Perhaps we would have achieved more without the stammer, but that isn’t the right perspective. The right perspective is to see what we have achieved, in spite of the stammer, and how much of an achievement that really is. I think that we should focus on this, and feel good about ourselves.

I completely agree with you that we should feel good about ourselves. One of the best things I learned from self-help and from speech therapy was to stop beating myself up for stuttering. As a covert stutterer until I was 23 years old, I certainly had a few achievements under my belt. I was graduating from college with a BA. The problem was while I had achieved much, I felt very negative about my future. I remember having a mental list of jobs that I could not do. At the time, many people I knew thought I would make an excellent attorney. The problem was that I never even imagined the possibility that I could be a lawyer because I was too ashamed of the possibility that I may stutter and I knew that changing my words and avoiding speaking situations would not be an ethical way to go. I can even remember being a kid and thinking that I could not be a professional baseball player because that would require giving interviews on television.

You also wrote:

Nobody likes to stammer, so if we can avoid stammering—if we can avoid publicly stammering, regardless of the turmoil within—why shouldn’t we do so?

My answer to this is that being a covert stutterer did not work for me. One day, near my graduation from college, I decided that I either had to accept my life with all of its restrictions, or change. It was hard, but I decided to stop hiding and avoiding stuttering and start facing it. Every year since that decision my life has only gotten better.
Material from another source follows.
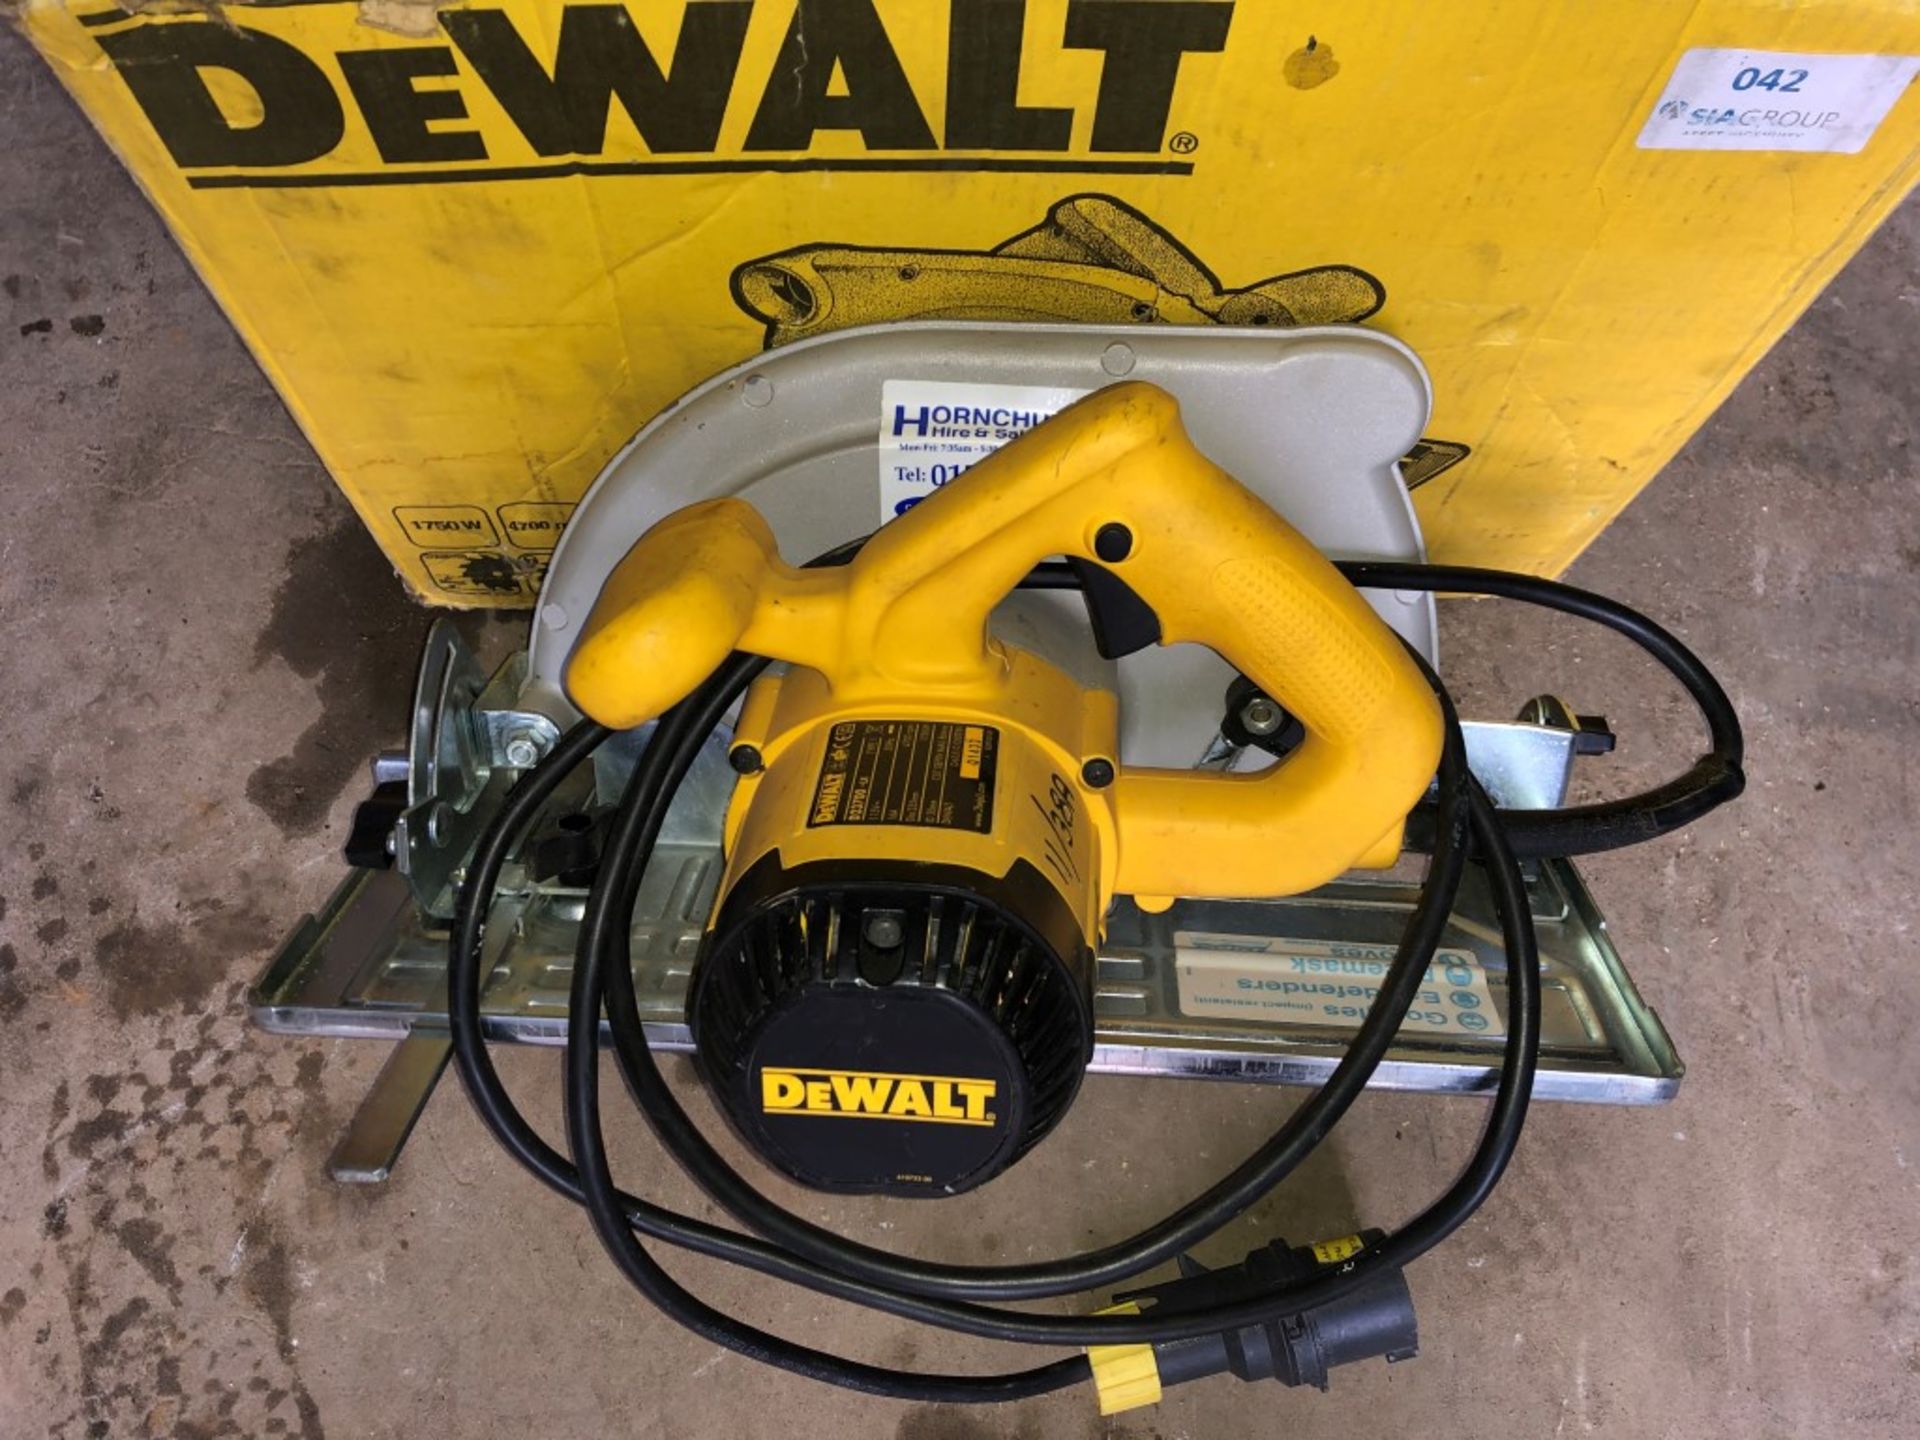 DeWalt D23700 1750W 235mm circular saw - Image 2 of 3

Sure it was hard to come out of the stuttering closet and explain to friends and family why I was stuttering all of sudden, but the tremendous burden I was carrying was lifted. I remember feeling for the first time in my life that I really could do anything I wanted. This feeling of freedom came to me only after I allowed myself to stutter and only after I allowed myself to be a stutterer.

Please know that I respect and appreciate your paper and opinions and just wanted to share with you my own experiences growing up a covert stutterer.